A signature event of the festival is the Jeonju Digital Project, which each year funds and presents three short digital films by prominent filmmakers. (I was told by programmer and Digital Project co-producer You Un-seong that as of the next edition, the maximum-length restriction on the films will be dropped, so future Digital Projects could boast running times far exceeding the 30-45-minute range of this year’s films.) This year the triple bill led off with James Benning’s Pig Iron, on which the director provided this statement: “I have a very simple philosophy: Go to places that I want to be in; look and listen closely; and make films that will help me better understand my place in the world.” The film documents part of the process of steel-making at a steelworks in Duisburg, Germany. The camera is set up at a railroad yard where train cars transport iron ore to a large blast furnace, then carry the resulting pig iron to another part of the steelworks. Human workers in work suits and white hardhats play fleeting roles, but the heroes of the film are the trains that appear, most prominently “757” and “103”, the former a smart new yellow train, the latter a chunky gun-metal-colour car. The movements of the trains in and out of the frame constitute a firm, simple but surprising dramatic action and make possible a final blast of beauty at the hidden heart of a composition that at first seems forbiddingly austere. The clarity, detail and steadiness of the HD image contend with the massiveness of the industrial setting, put it on a human scale and make it significant, make it graspable, while acknowledging – more than acknowledging, disclosing – a vastness where humanity at first seems to have no place and where, for that reason, the place of humanity has to be reasserted, a task the film triumphantly accomplishes. Pig Iron is both a formally rigorous composition in time and a lush, romantic work, illuminating and illuminated by Benning’s previous HD film, Ruhr (2009), which was also shown at the festival.

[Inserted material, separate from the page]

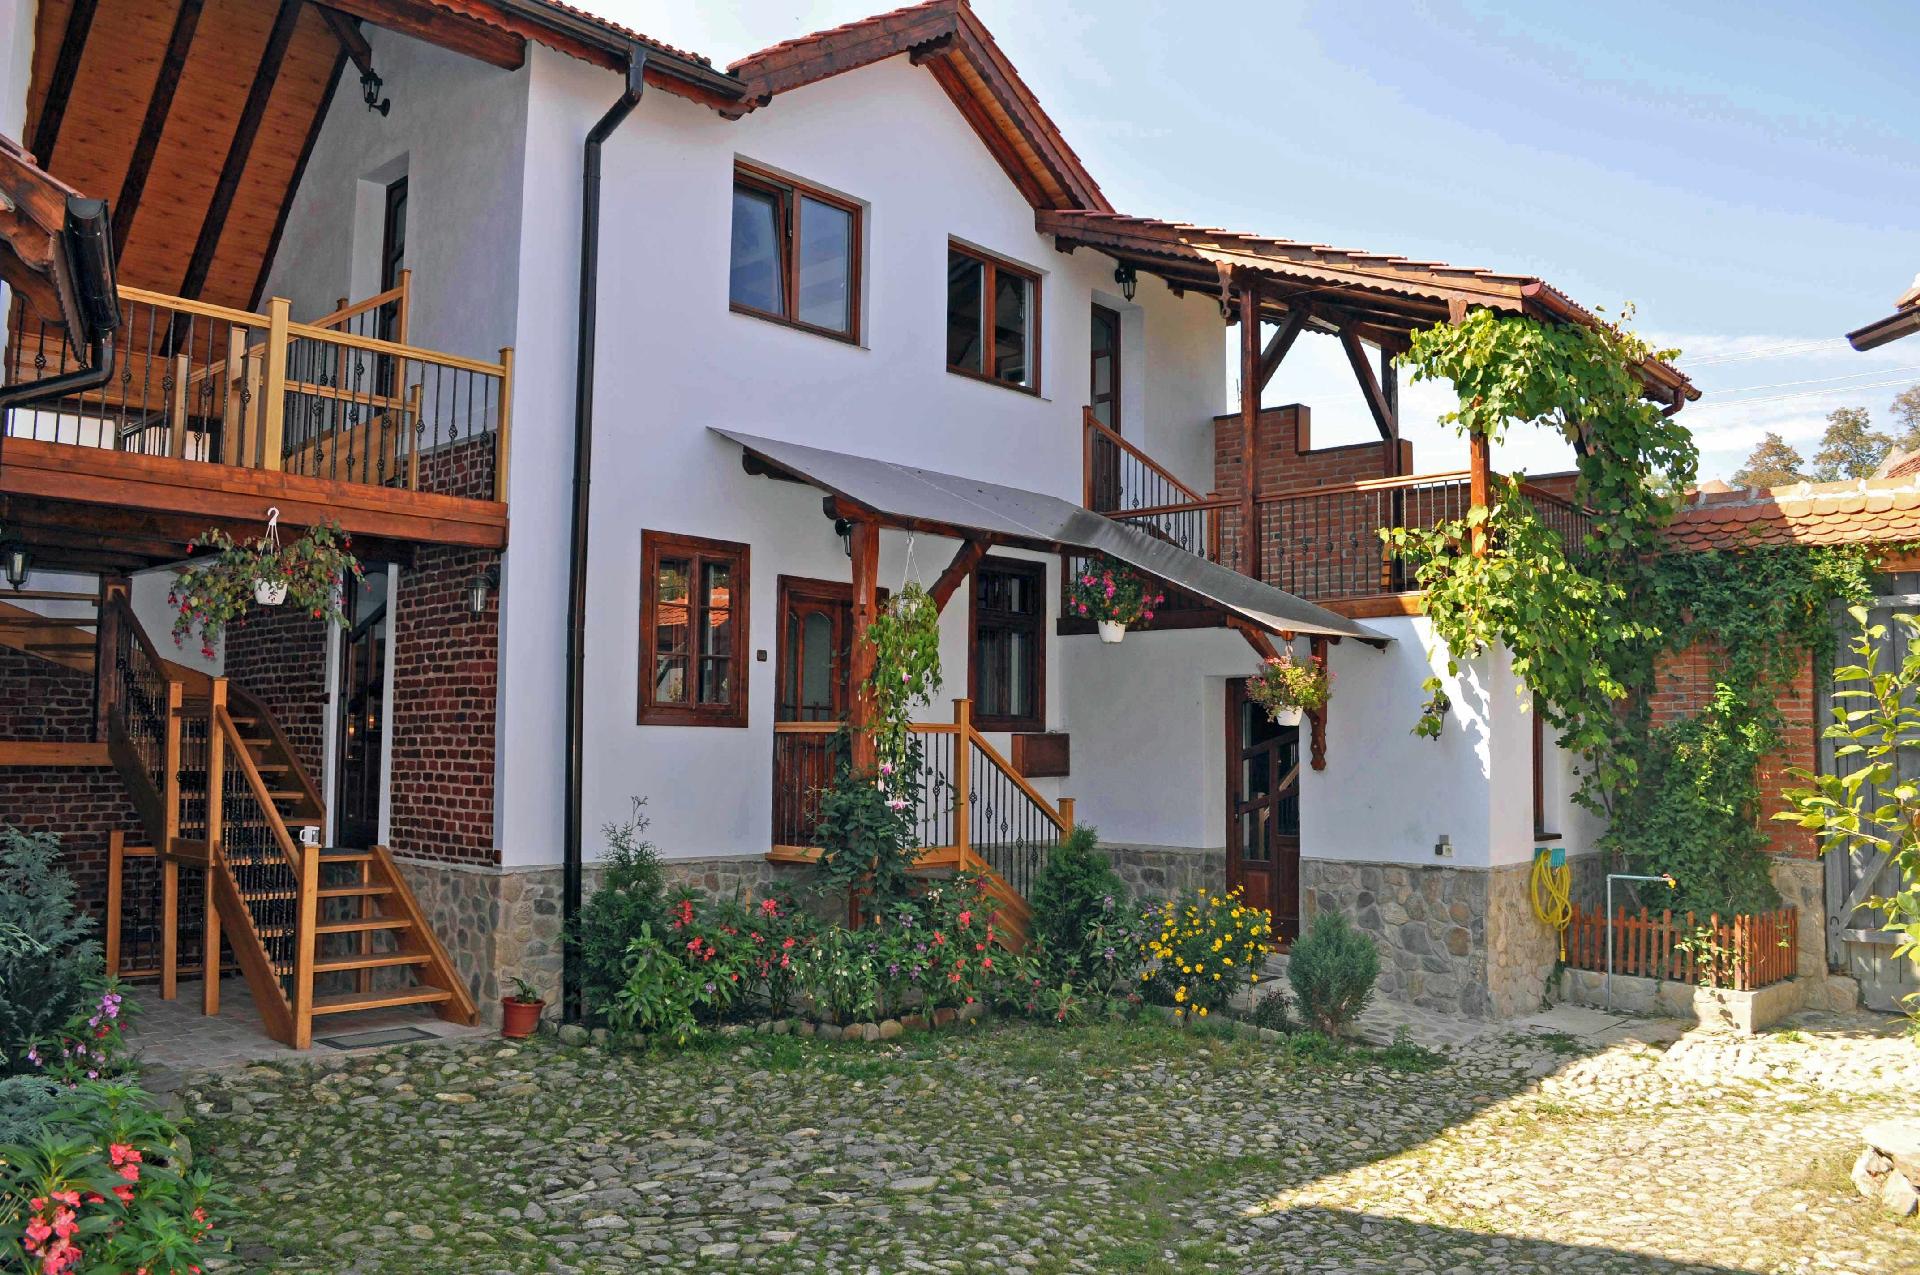 CASA VALE - 6 Ferienhäuser in urigem Hirtendo  in Rumänien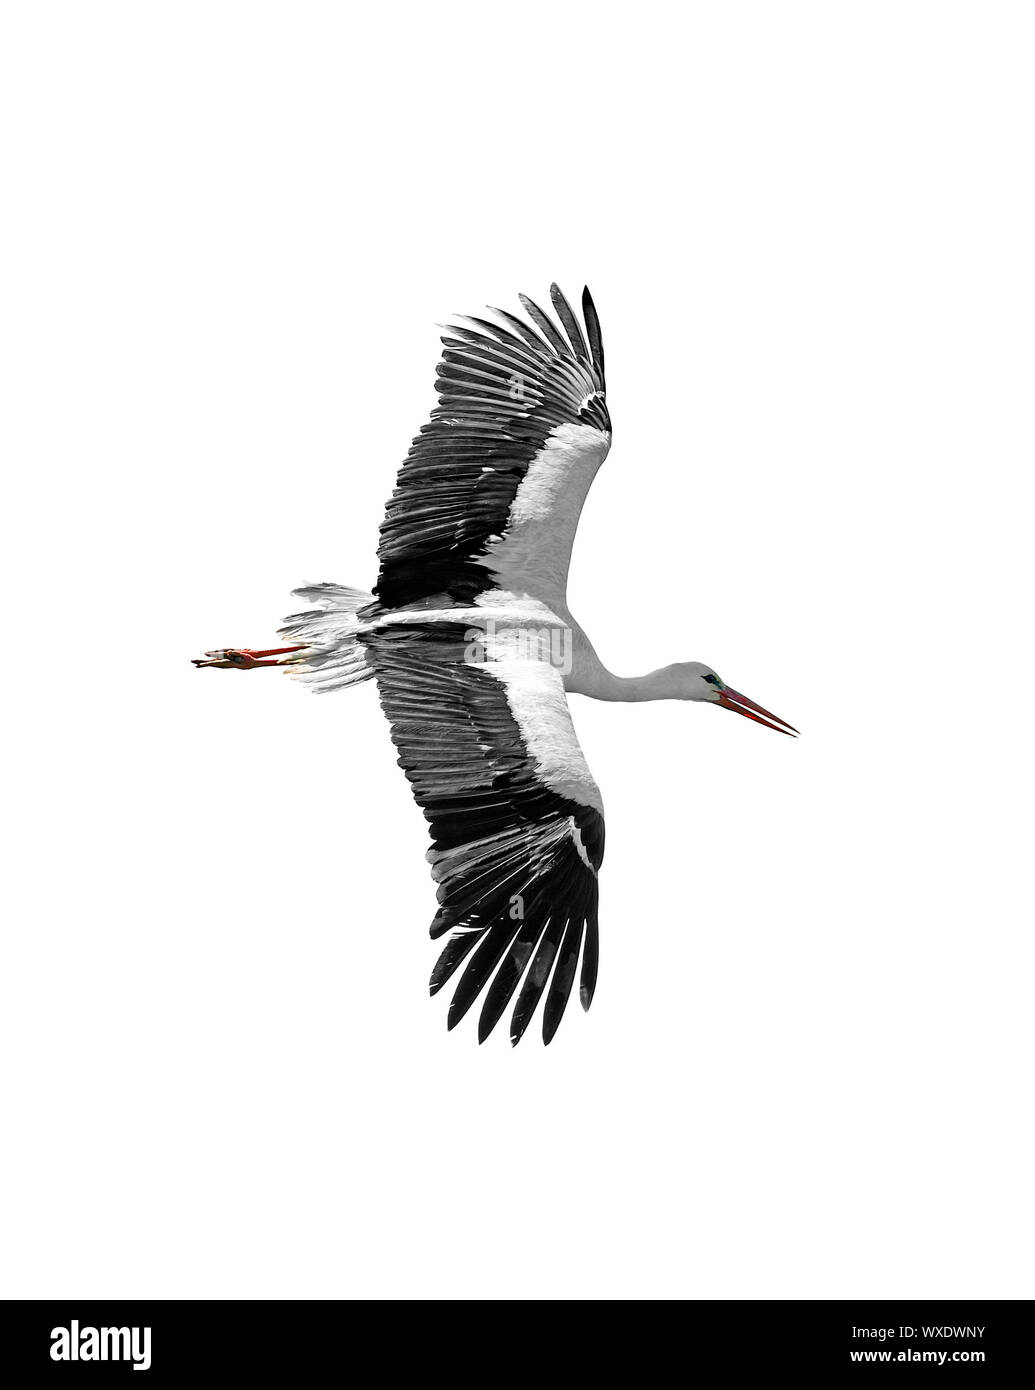 Flying stork isolated on white background Stock Photo

More than just a clever and original meditation on Shakespeare’s As You Like It, Matías Piñeiro’s Digital Project film Rosalinda is a groundbreaking experiment in creating a truly Shakespearean cinema i.e., a form that is both textual and cinematic. In a rural riverside setting, actors rehearse scenes from As You Like It; because of the varying levels of the performers, an ambiguity arises between the play as ideally lived and made real (also for the viewer) and the play as a text that has not yet been mastered; throughout, action and dialogue sustain a brisk comic tempo, and the mellow, sunlit film creates a sympathetic glow of golds and greens to set off the performances of Rosalind, Celia and Orlando. A subsequent series of non-Shakespearean scenes among the same actors, joined by others, introduces a new mood of relaxation but also greater tensions, while long gaps between dialogues mean that the spoken word no longer sets the rhythm of the film, which concludes on a Rivettian note with an improvised game in which the players’ roles in a murder mystery are assigned by cards. This rich and enjoyable film promises well for a series of Shakespearean films envisioned by the Argentinian director.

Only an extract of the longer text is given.